L'Europa ci ha provato, ma si è fermata a metà
Sulla spinta di una sempre maggiore perplessità nei confronti del cambio orario 2018 la Commissione Europea aveva avviato una consultazione pubblica per valutare l'opinione dei cittadini sul mantenimento dell’ora legale. Al sondaggio avevano partecipato più di quattro milioni e mezzo di persone, e l'84% dei votanti si dichiarò favorevole alla sua abolizione. L'anno successivo il Parlamento europeo ha anche approvato una mozione che prevedeva la fine dei cambi stagionali entro il 2021, lasciando a ogni Stato membro la scelta se mantenere l'ora solare o quella legale. Dal quel momento il processo si è però incagliato.
Nei negoziati successivi, diversi governi hanno iniziato a discutere sull’applicazione del provvedimento, evidenziando una netta divisione di posizioni legata alle differenze geografiche. I Paesi del Nord, come Svezia e Finlandia, temono gli effetti dell’ora legale sulla salute e si sono schierati per il mantenimento della sola ora solare. Una scelta coerente con la loro posizione geografica: alle latitudini scandinave, infatti, il sole tramonta molto più tardi in estate, rendendo poco utile guadagnare ulteriore luce serale. Al contrario, i Paesi del Sud, come Grecia o Portogallo, trovano più conveniente mantenere l'attuale sistema di alternanza. Questa impasse ha quindi alimentato il timore che, in assenza di un cambiamento ben orchestrato, l'Europa possa ritrovarsi ad essere frammentata in tanti fusi orari differenti.

L'arrivo della pandemia, la crisi economica e infine la guerra in Ucraina hanno però relegato la questione agli ultimi posti dell’agenda politica. Oggi il dossier è ancora fermo a Bruxelles e per sbloccare la situazione servirà una decisione del Consiglio dell'Unione Europea – composto dai ministri dei 27 Paesi membri – sull'importante tema energetico.
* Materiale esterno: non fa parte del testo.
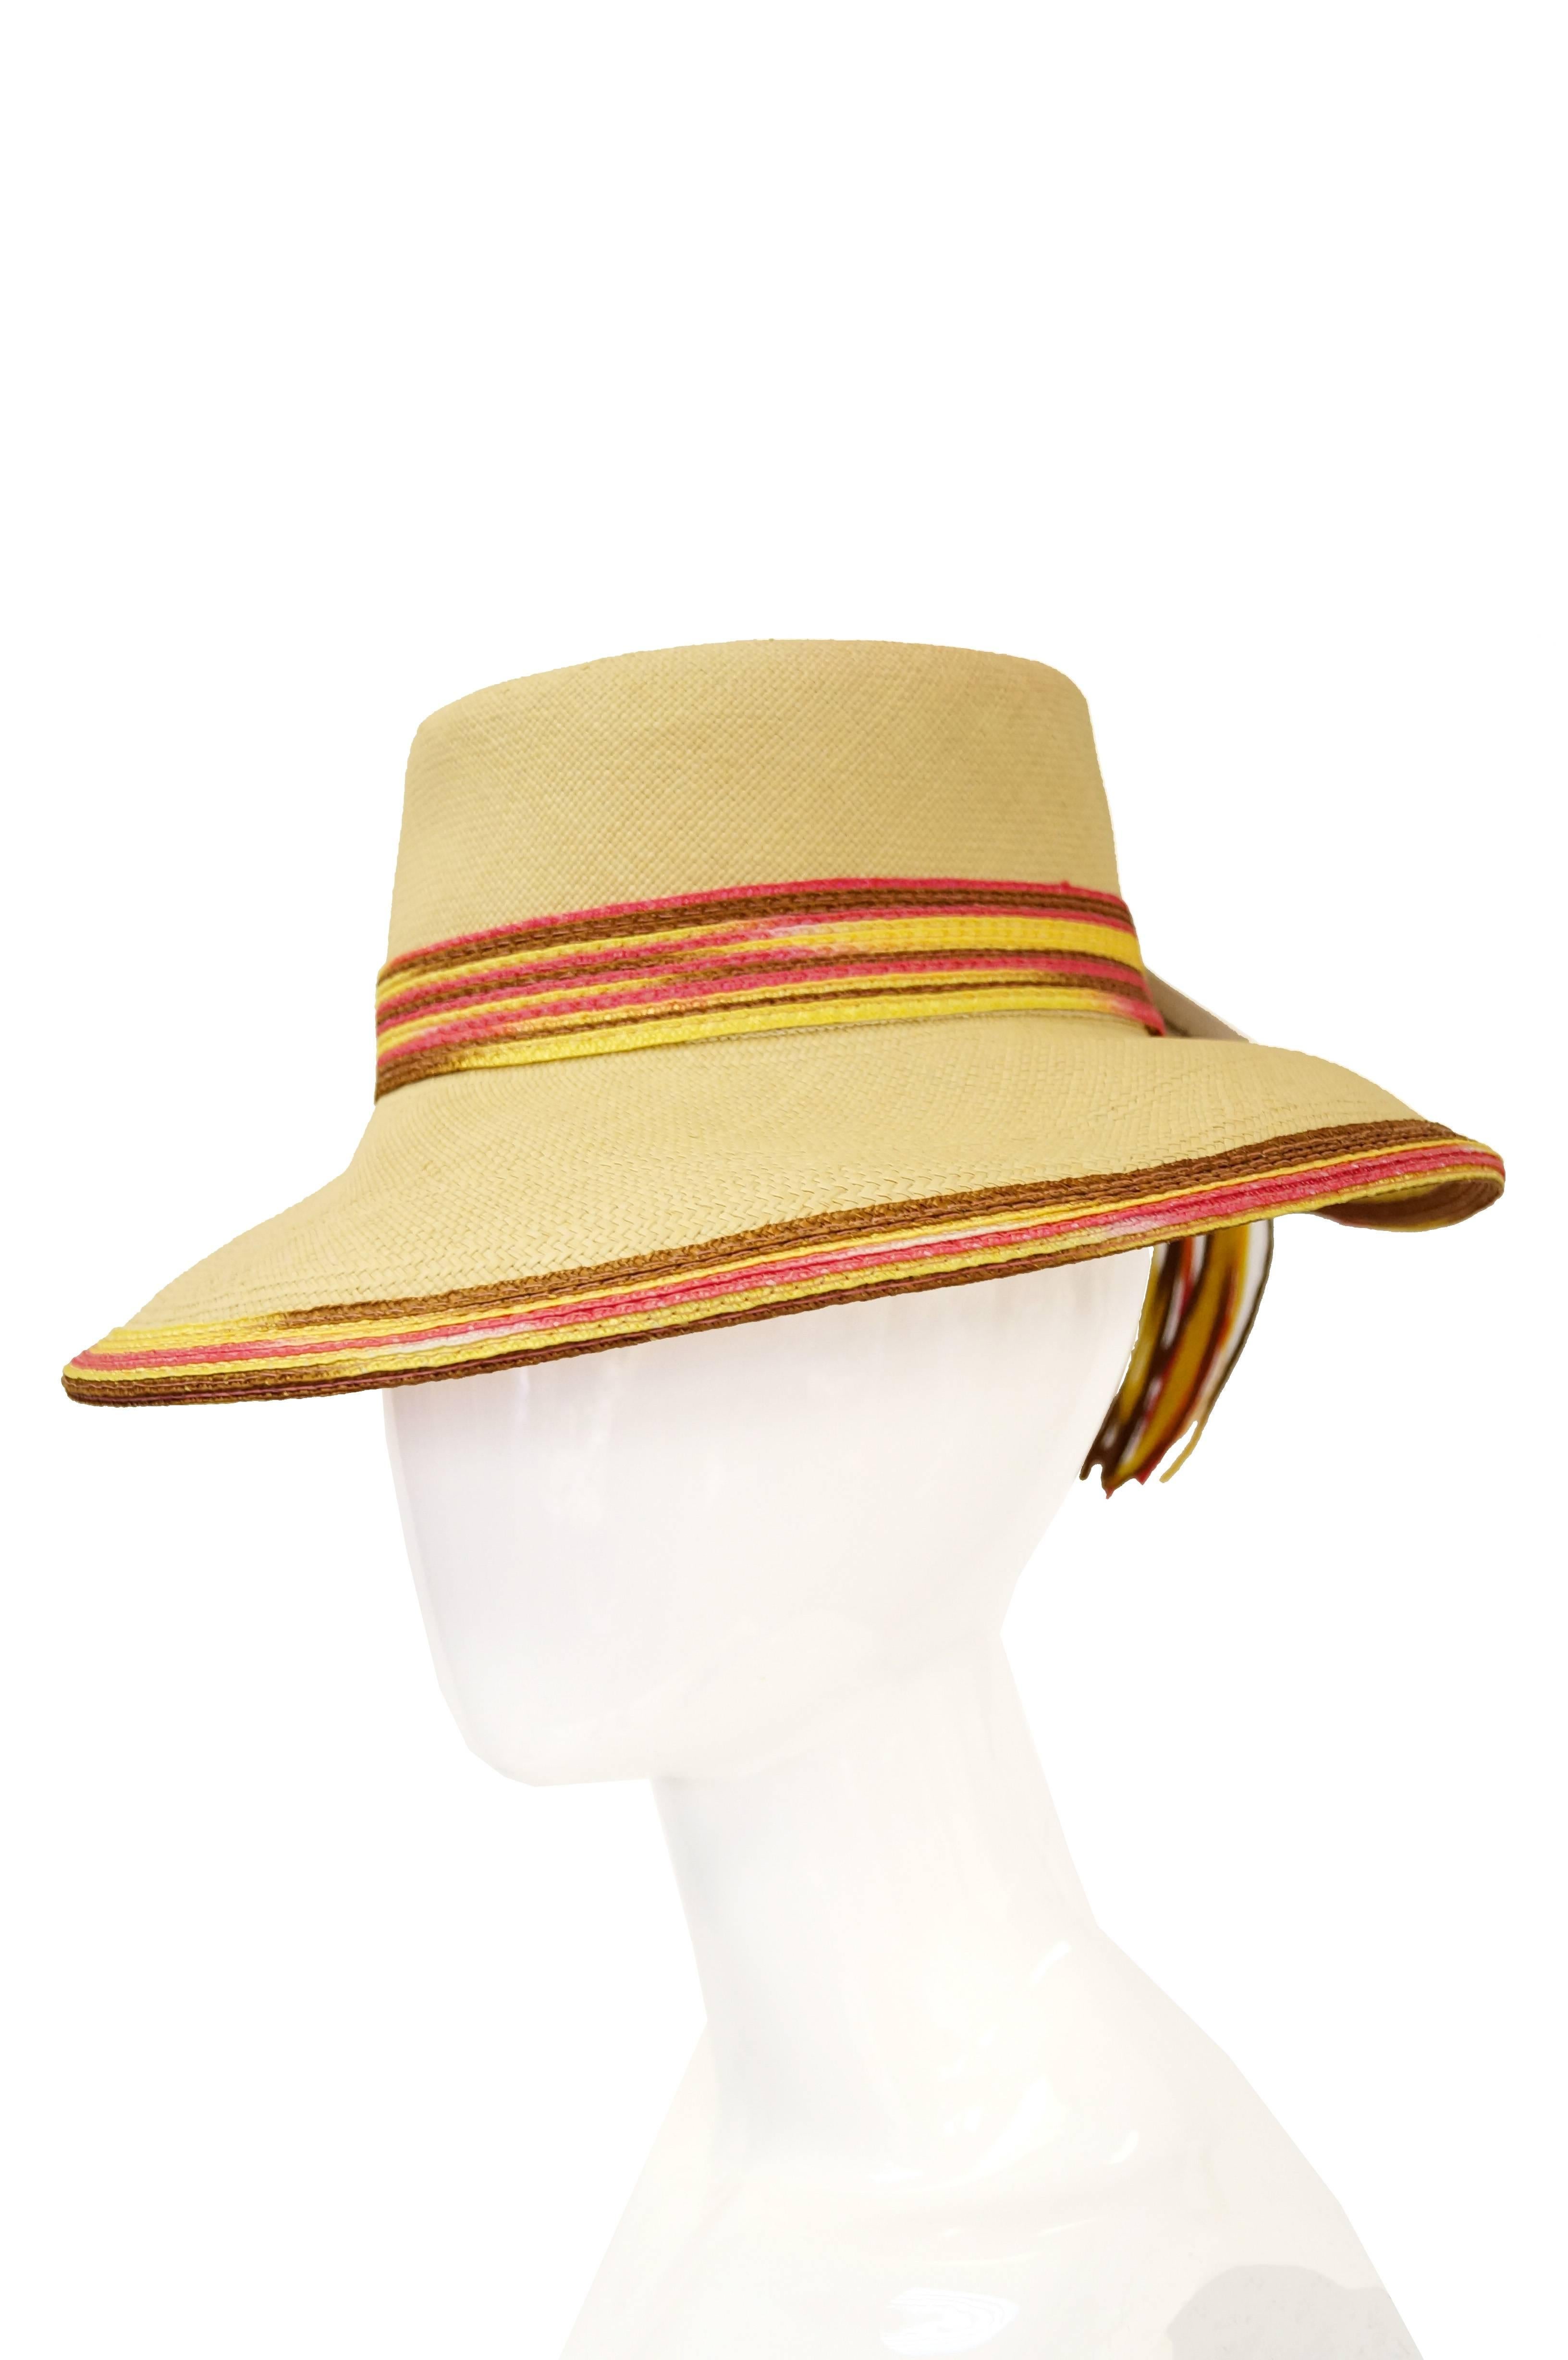 Playful and timeless sun hat by Yves Saint Laurent is perfect for your a weekend at the beach or just keeping your face out of the sun. 

The woven hat features a sandy yellow upper with colorful pink and brown edges and trim. The back of the hat is

Ad oggi però non è ben chiaro quali governi hanno davvero l'intenzione di abbandonare lo status quo.
La posizione dell'Italia
Nel dibattito europeo, l’Italia continua a mantenere un atteggiamento cauto. Il motivo è soprattutto economico. Secondo i dati diffusi proprio ieri 24 ottobre da Terna, la società che gestisce la rete di trasmissione nazionale dell'energia elettrica, nei sette mesi di ora legale il sistema elettrico italiano ha registrato minori consumi per 310 milioni di kWh, pari al fabbisogno annuo medio di circa 120 mila famiglie. Il risparmio per il Paese è stato di oltre 90 milioni di euro, con una riduzione di 145 mila tonnellate di CO2 immesse in atmosfera. Numeri che spiegano perché il nostro Paese non abbia ancora spinto per un cambiamento che, stando alla scienza, potrebbe apportare benefici alla salute dei cittadini.